Exercise instructions. Leave out the pictures, and retype only the lines from the beginning of the material through the line that contains "JAKCOM R5 Smart", including both.

Data extract.

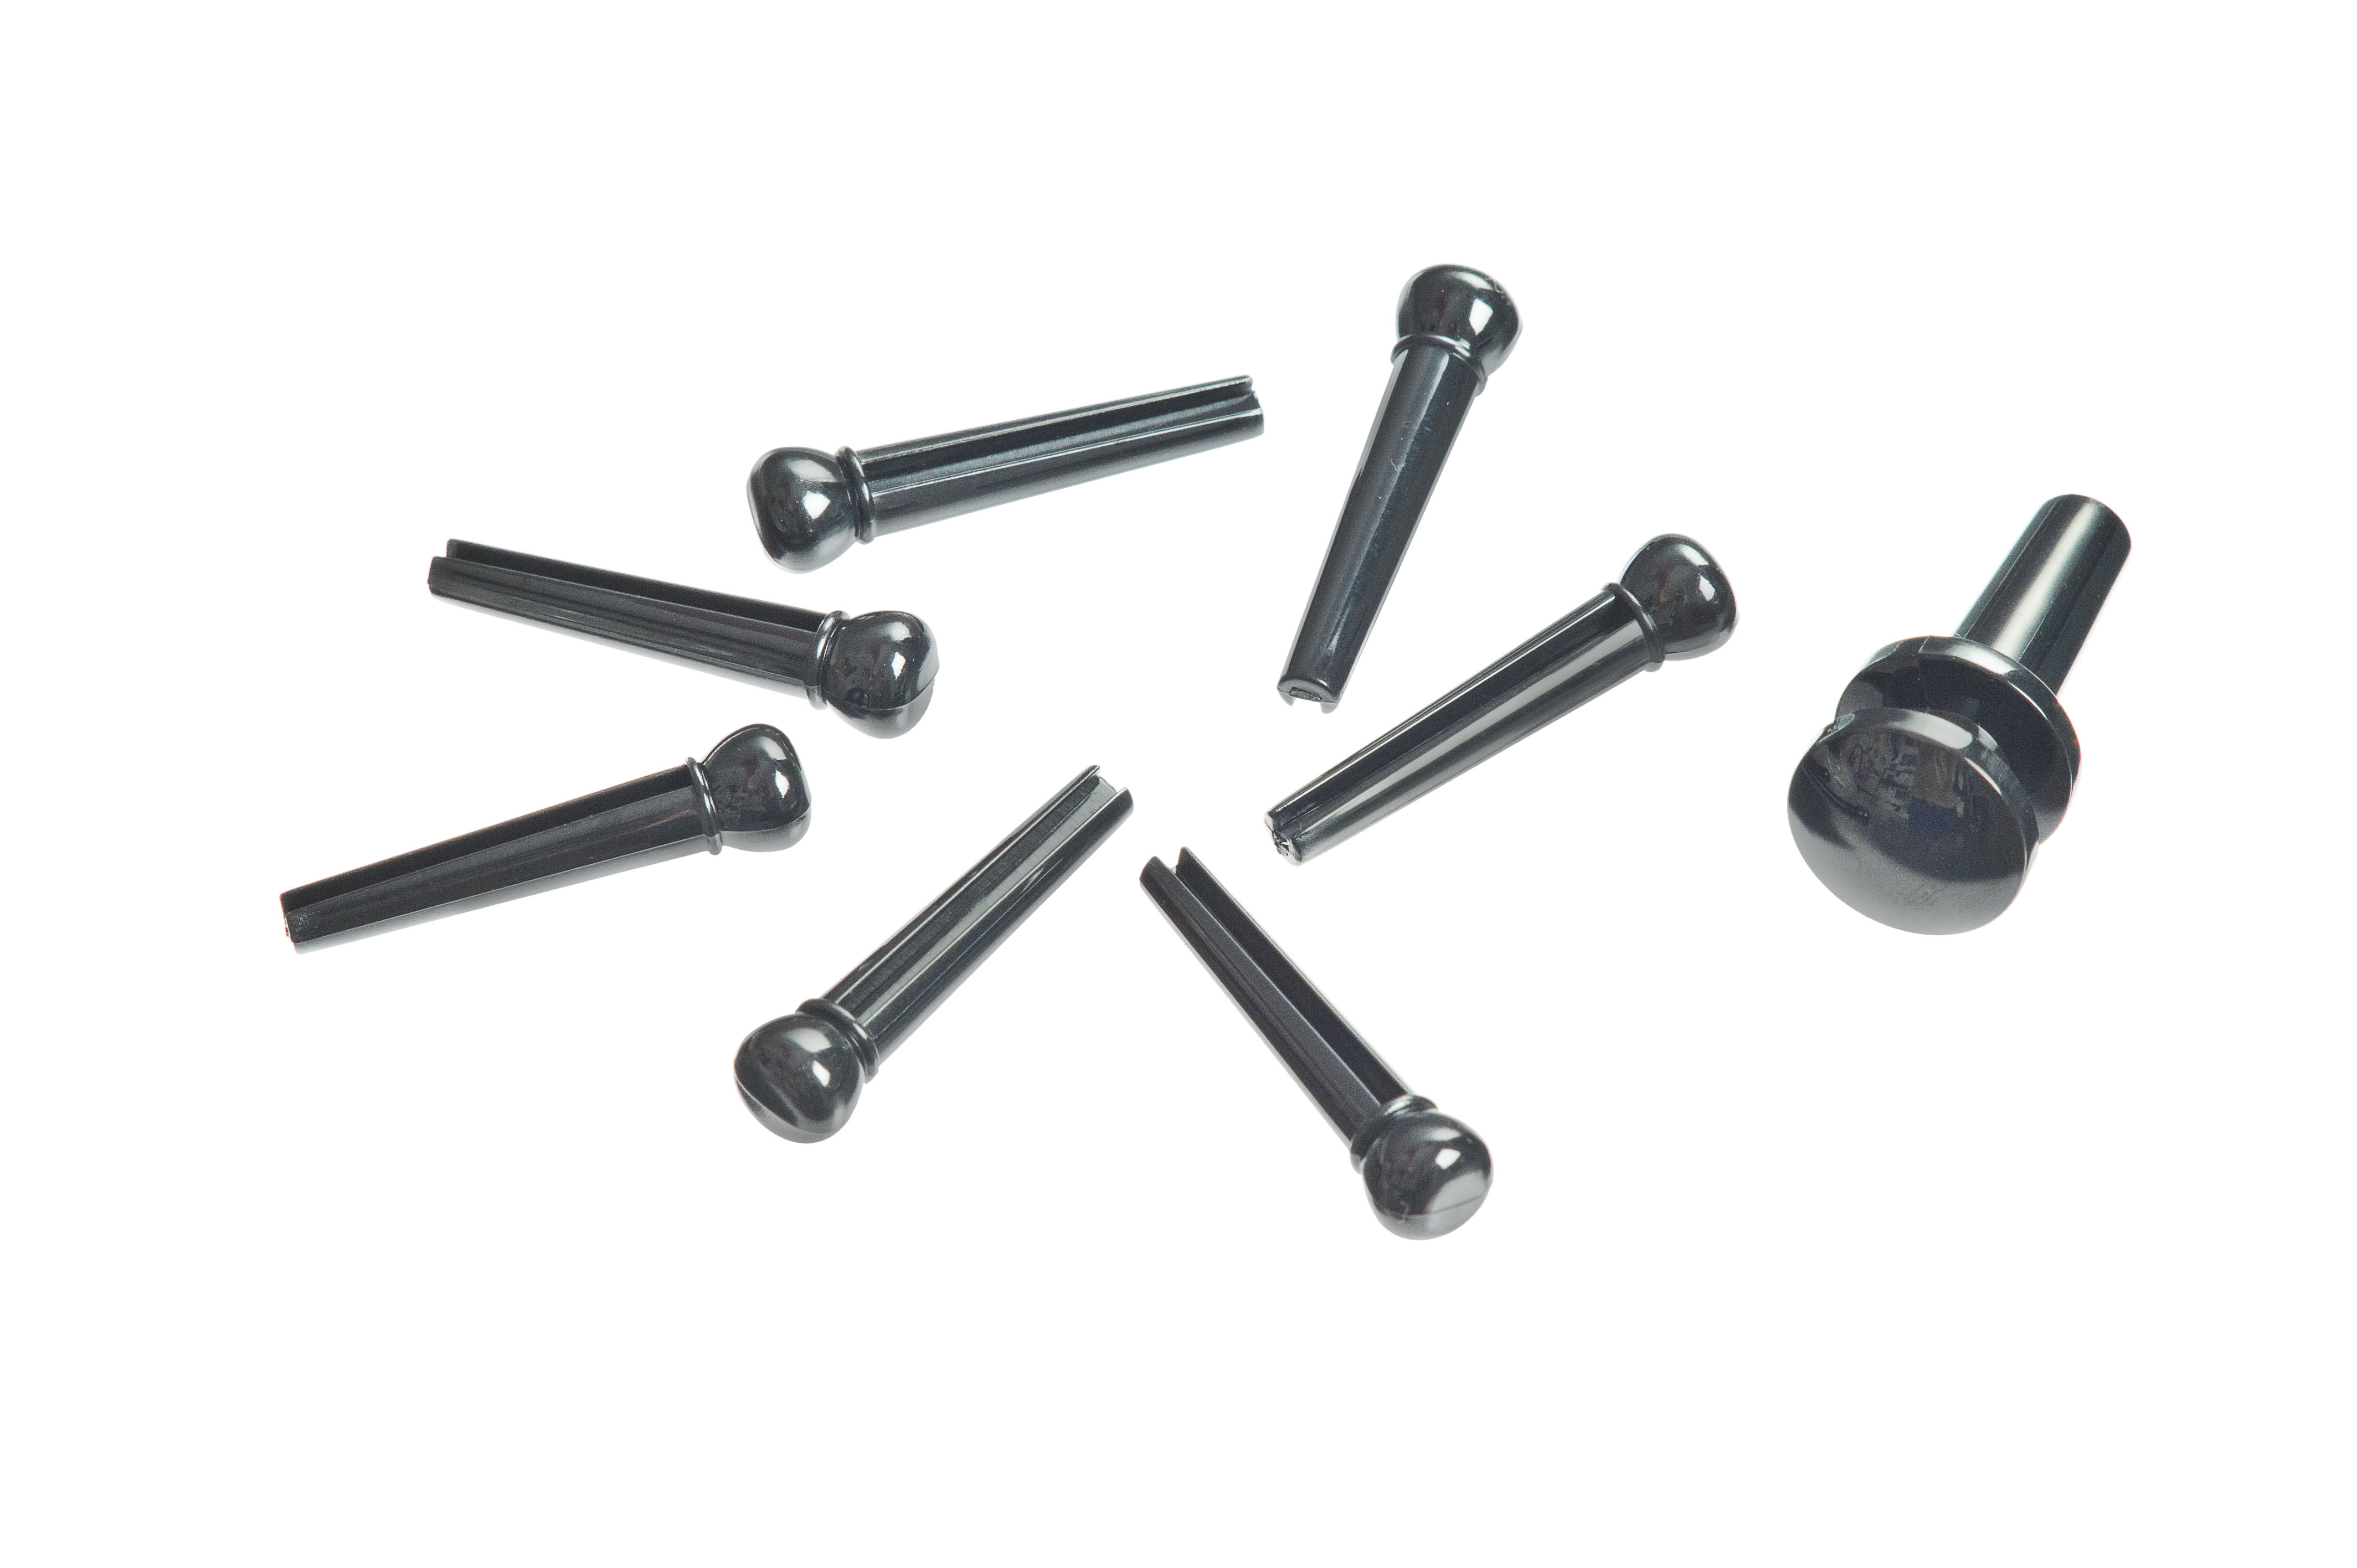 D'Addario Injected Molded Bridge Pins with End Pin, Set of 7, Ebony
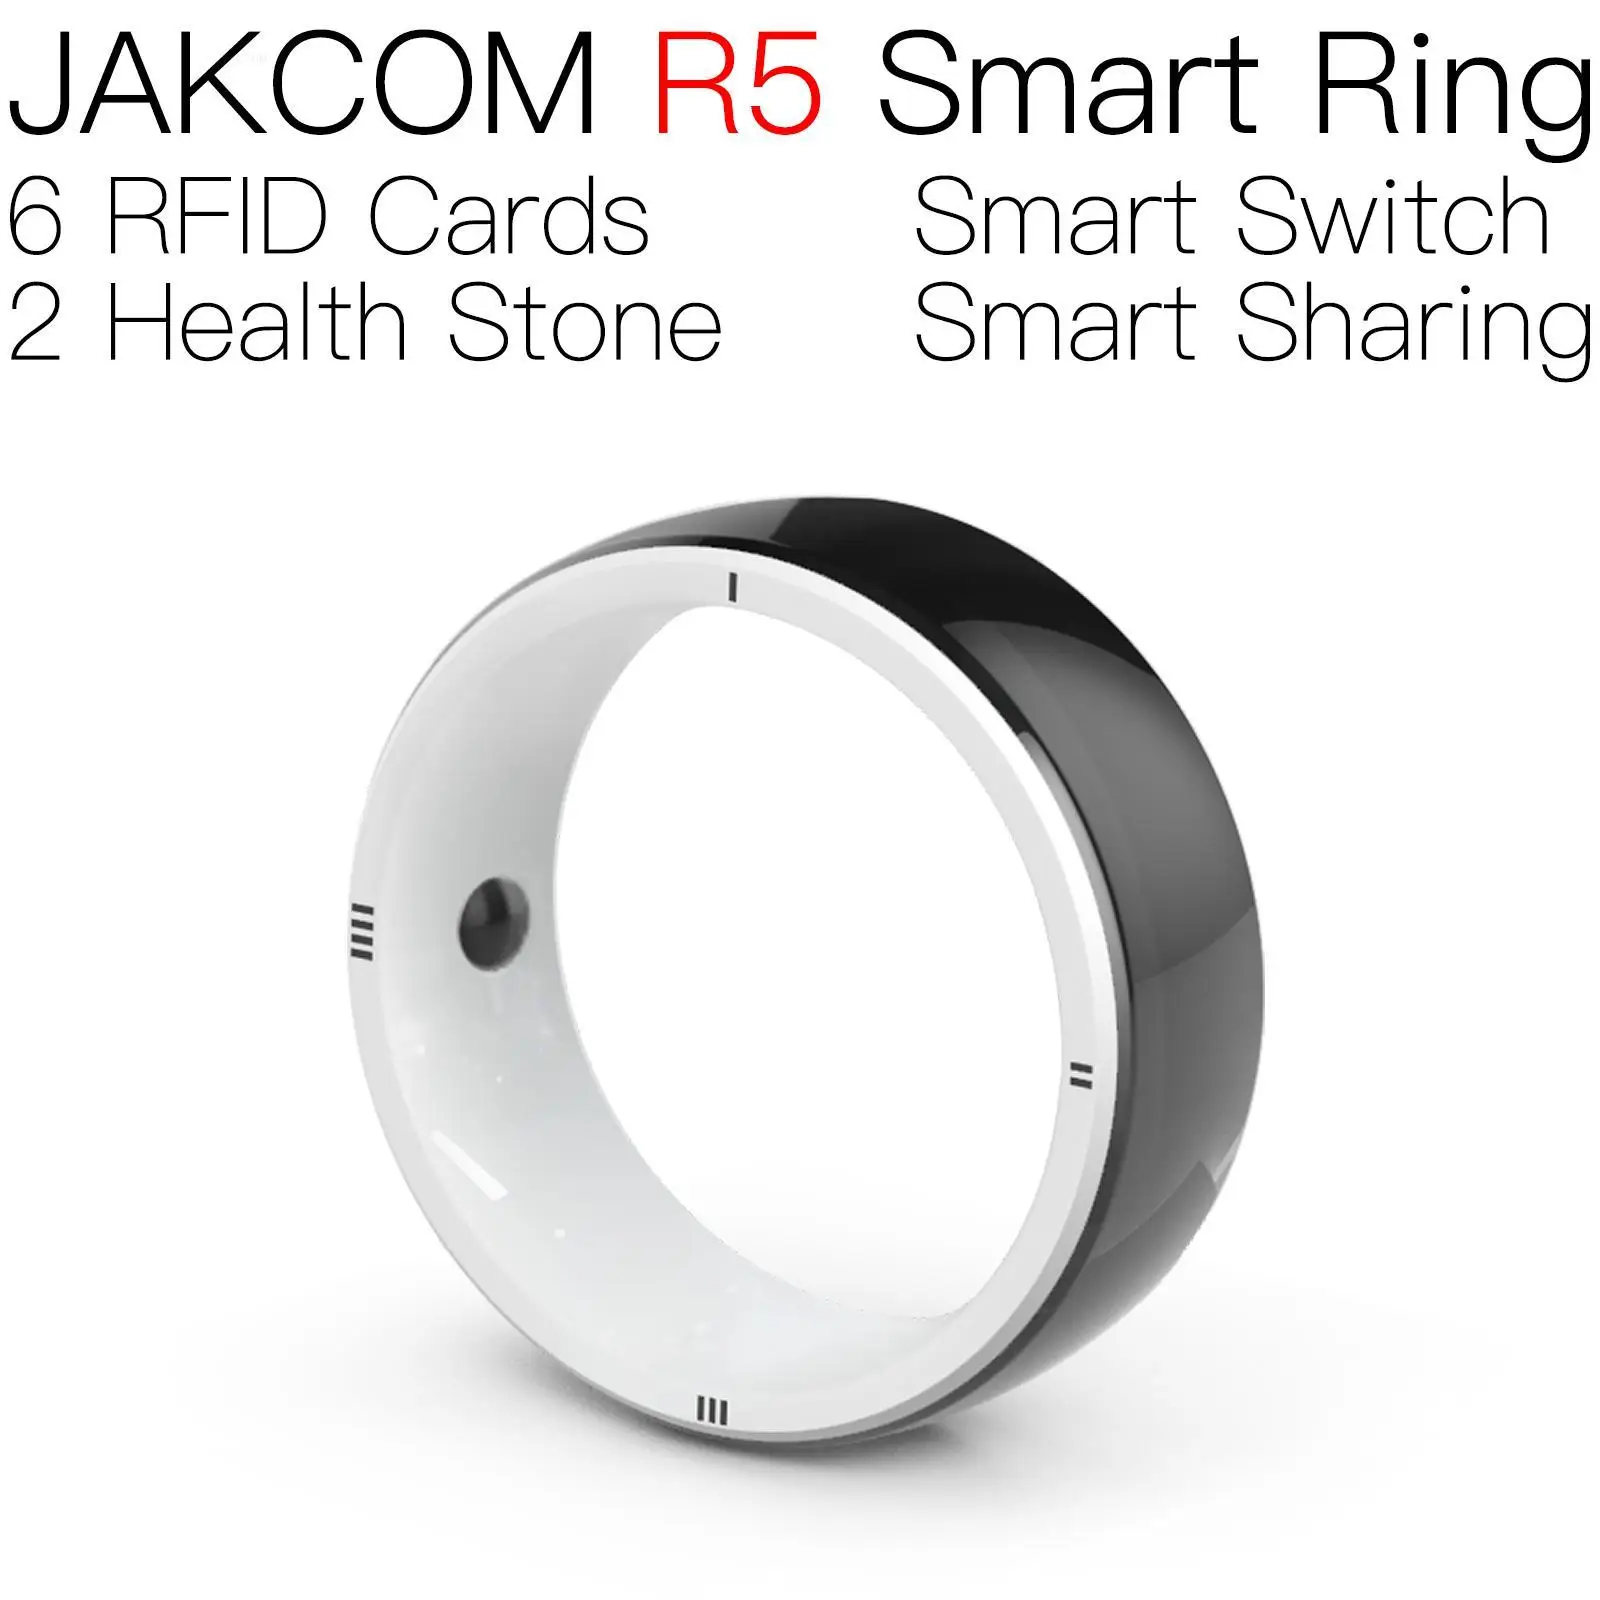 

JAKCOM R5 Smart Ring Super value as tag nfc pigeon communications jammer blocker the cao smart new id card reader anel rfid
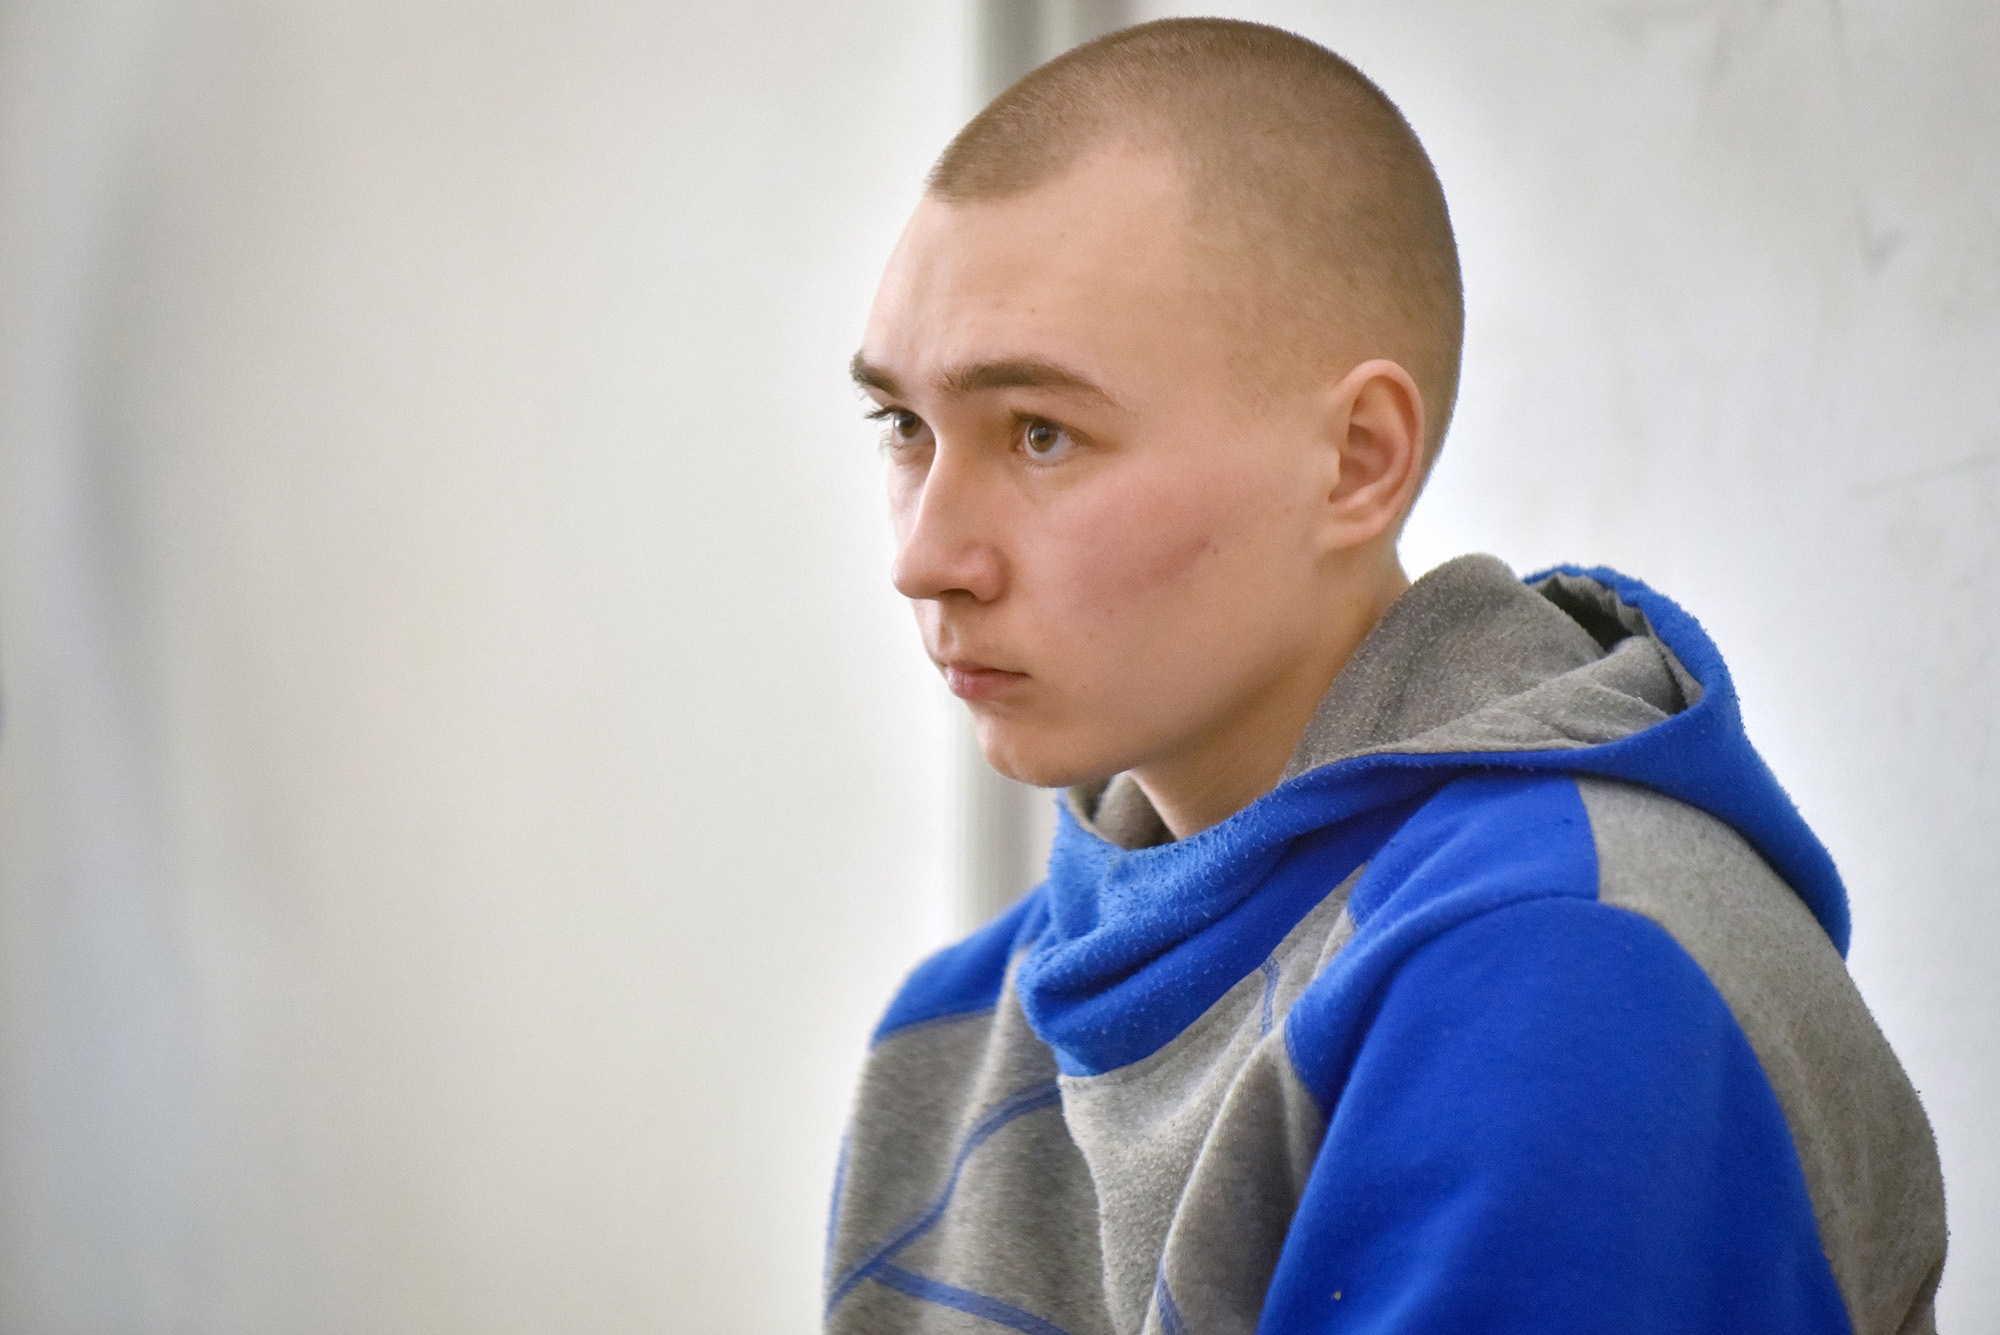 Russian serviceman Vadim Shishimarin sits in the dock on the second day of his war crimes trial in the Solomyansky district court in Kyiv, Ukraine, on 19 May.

Answer space.
 D'Addario Injected Molded Bridge Pins with End Pin, Set of 7, Ebony

JAKCOM R5 Smart Ring Super value as tag nfc pigeon communications jammer blocker the cao smart new id card reader anel rfid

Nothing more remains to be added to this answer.